The Quebec government's ambitious plan to impose French-language content requirements on streaming platforms like Netflix, YouTube, Spotify and Apple is setting the stage for a potential constitutional showdown that could determine whether these digital giants remain in the province or withdraw their services entirely.
Massive Burden on Streaming Platforms
Known as Bill 109, the proposed legislation would grant Quebec authorities the power to set specific quotas for French-language cultural content that digital platforms must offer to their subscribers. According to Allen Mendelsohn, a McGill University lecturer in internet law, while some requirements like default French language settings are manageable, content quotas could fundamentally disrupt how streaming services operate.
The legislation would allow Quebec to determine the quantity or proportion of original French-language cultural content that platforms must provide, with specific targets to be established later by the government. Mendelsohn warns that if the government mandates high percentages, streaming services could face difficult choices.
If the quota reaches 50 percent, that represents a massive burden for these companies, Mendelsohn explained. The practical implication could force platforms like Netflix to remove substantial amounts of English-language programming if sufficient French content isn't available, potentially making their services less attractive to consumers.
Constitutional Questions Loom Large
The proposed law faces significant constitutional hurdles, as internet regulation has traditionally fallen under federal jurisdiction. Mendelsohn points to a 2021 Quebec Court of Appeal decision that struck down a provincial law requiring internet service providers to block gambling websites, ruling it exceeded provincial authority.
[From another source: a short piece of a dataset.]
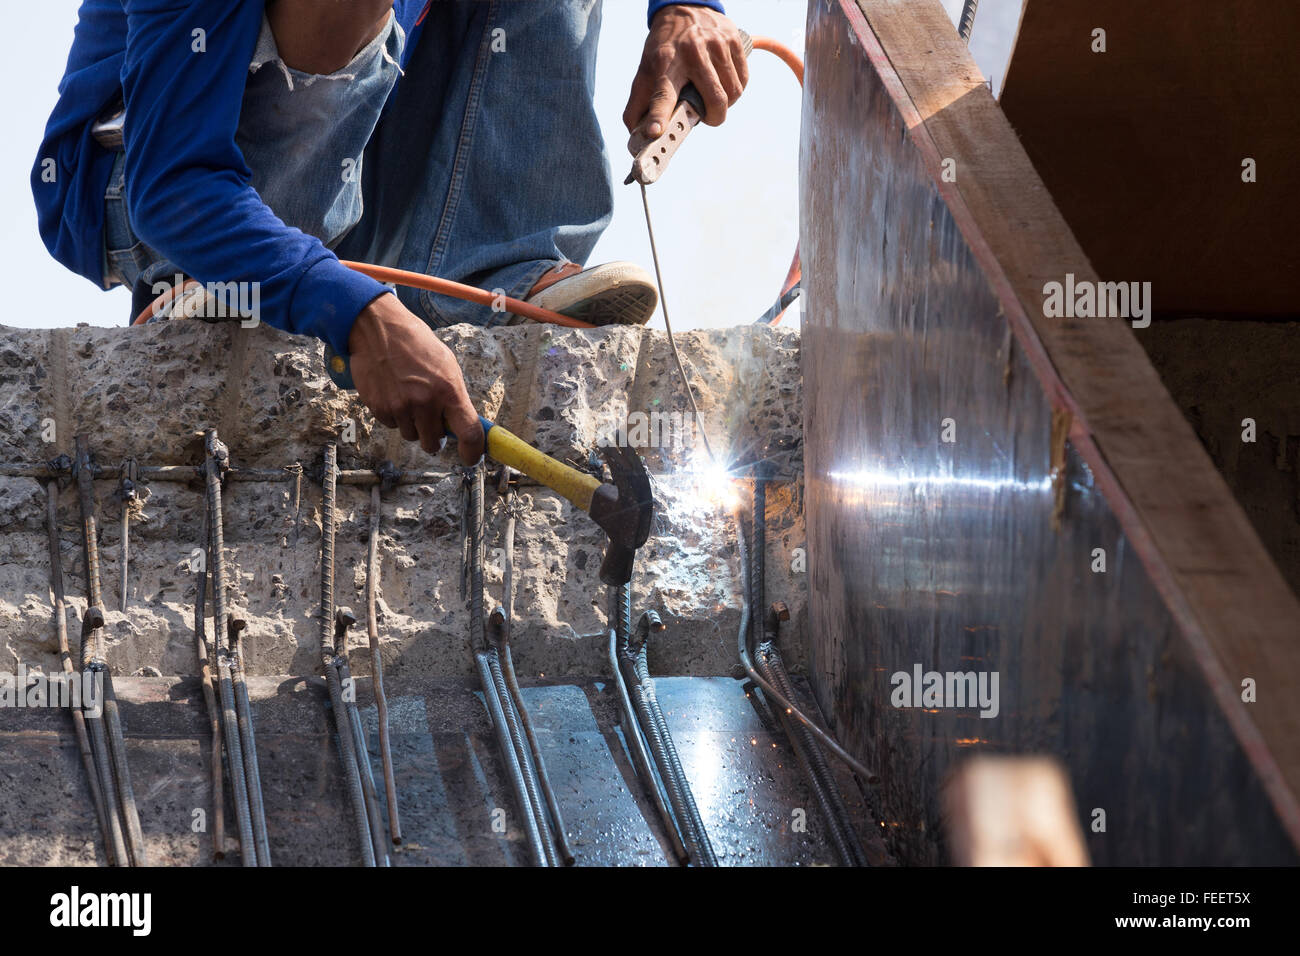 worker welding steel metal at construction site Stock Photo
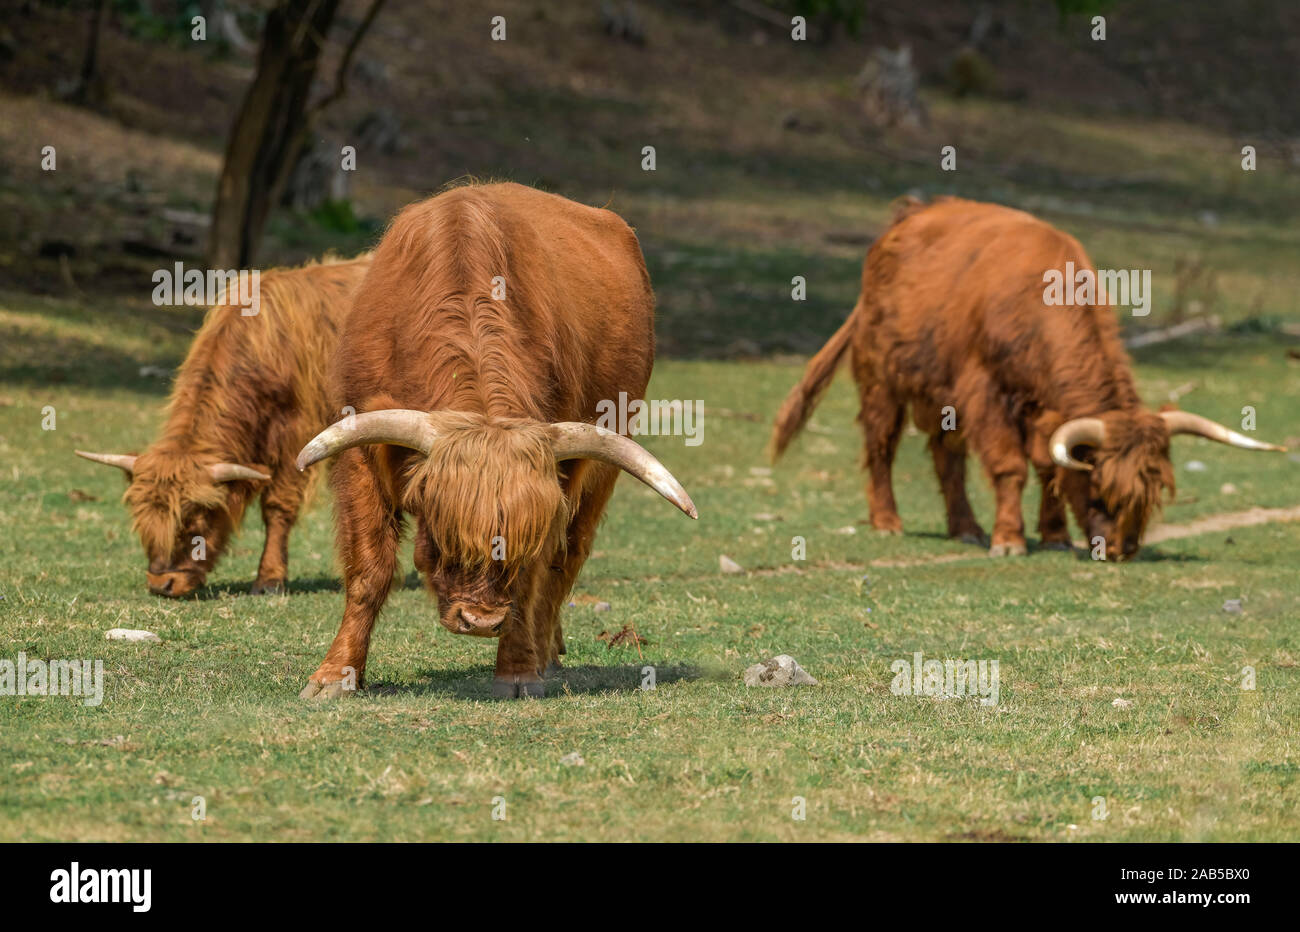 Schottisches Hochlandrind (Highland cattle), Sachsen-Anhalt, Allemagne Banque D'Images

Culture Minister Mathieu Lacombe defends the legislation, arguing Quebec has jurisdiction over language and culture matters. However, the bill conflicts with the federal Online Streaming Act passed in 2023, which already regulates the same streaming organizations at the national level.
Streaming companies have highlighted this duplication in their briefs to the National Assembly committee studying Bill 109. Netflix specifically warned that Quebec's legislation risks creating multiple or contradictory obligations that would harm regulatory coherence and Canada's goal of a single national framework for online streaming.
Potential Market Exit Scenario
The most dramatic potential consequence of Bill 109 involves streaming platforms possibly withdrawing from the Quebec market rather than complying with the new requirements. While no company has publicly threatened to leave, Mendelsohn suggests the possibility exists, particularly for smaller streaming services.
I'm skeptical that big streamers would leave Quebec at this point in time, but I can envisage it happening, Mendelsohn said. He noted that smaller companies might decide the compliance costs outweigh the benefits of serving Quebec's market.
The legislation does include an escape hatch that would allow the government to negotiate substitute measures with streamers - essentially side deals that could exempt platforms from the law. This approach mirrors the agreement Google reached with the federal government to avoid the Online News Act by contributing $100 million annually to Canadian news organizations.
Mendelsohn predicts that larger streaming companies would likely mount legal challenges and attempt to negotiate such arrangements before considering withdrawal from Quebec. The negative public relations impact of leaving a market to avoid local obligations would be significant, he noted.
Even though Quebec represents a relatively small portion of the global streaming audience, its role in promoting French as one of Canada's official languages gives the province disproportionate influence in shaping content rules and cultural protection policies that could have broader implications for digital streaming services operating across the country.